Understanding the process and workflow scopes

Nextflow pipelines are written inside .nf files. They consist of a combination of two main components: processes and the workflow itself. Each process describes a single step of the pipeline, including its inputs and expected outputs, as well as the code to run it. The workflow then defines the logic that puts all of the processes together.

process < name > {
  [ directives ]

  input:
    < process inputs >

  output:
    < process outputs >

  script:
  """
  <script to be executed>
  """
}

workflow {
    < processes to be executed >
}

A process definition starts with the keyword process, followed by a process name, and finally the process body delimited by curly braces. The process body must contain a script block which represents the command or, more generally, a script that is executed by it.

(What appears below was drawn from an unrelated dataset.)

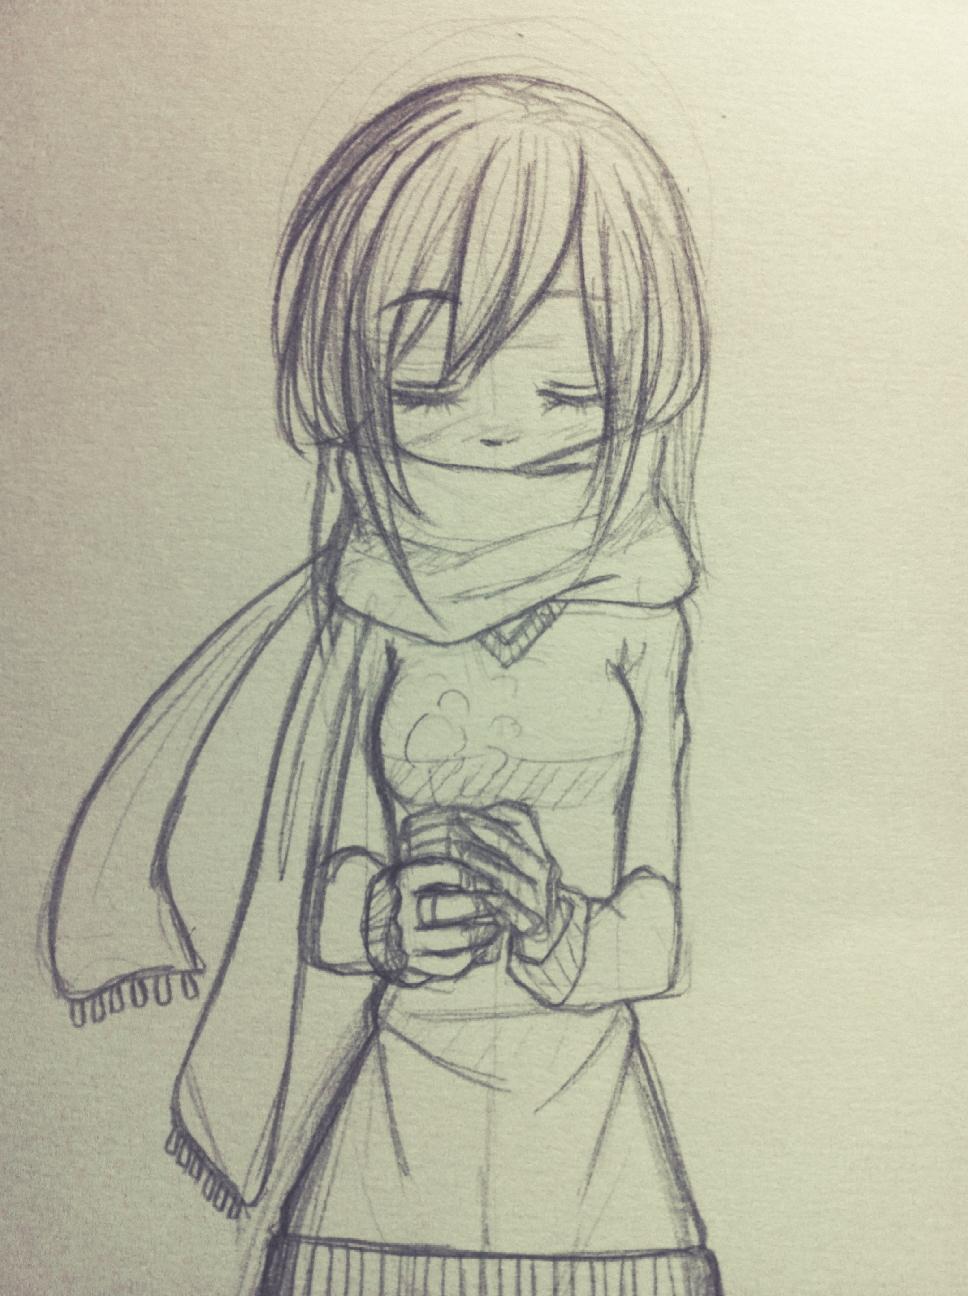 Drawn scarf anime  like so a wearing

A process may contain any of the following definition blocks. The ones we will be focusing on this workshop are presented in bold: directives, input, output, stub, when clauses, and of course, script.

A workflow is a composition of processes and dataflow logic.

The workflow definition starts with the keyword workflow, followed by an optional name, and finally the workflow body delimited by curly braces.

Tip

The process and workflow definitions are analogous to functions in R or Python languages. You first have to define a function (the process) that contains the instructions of what to do. In order to do the action, the function needs to be called (in the workflow).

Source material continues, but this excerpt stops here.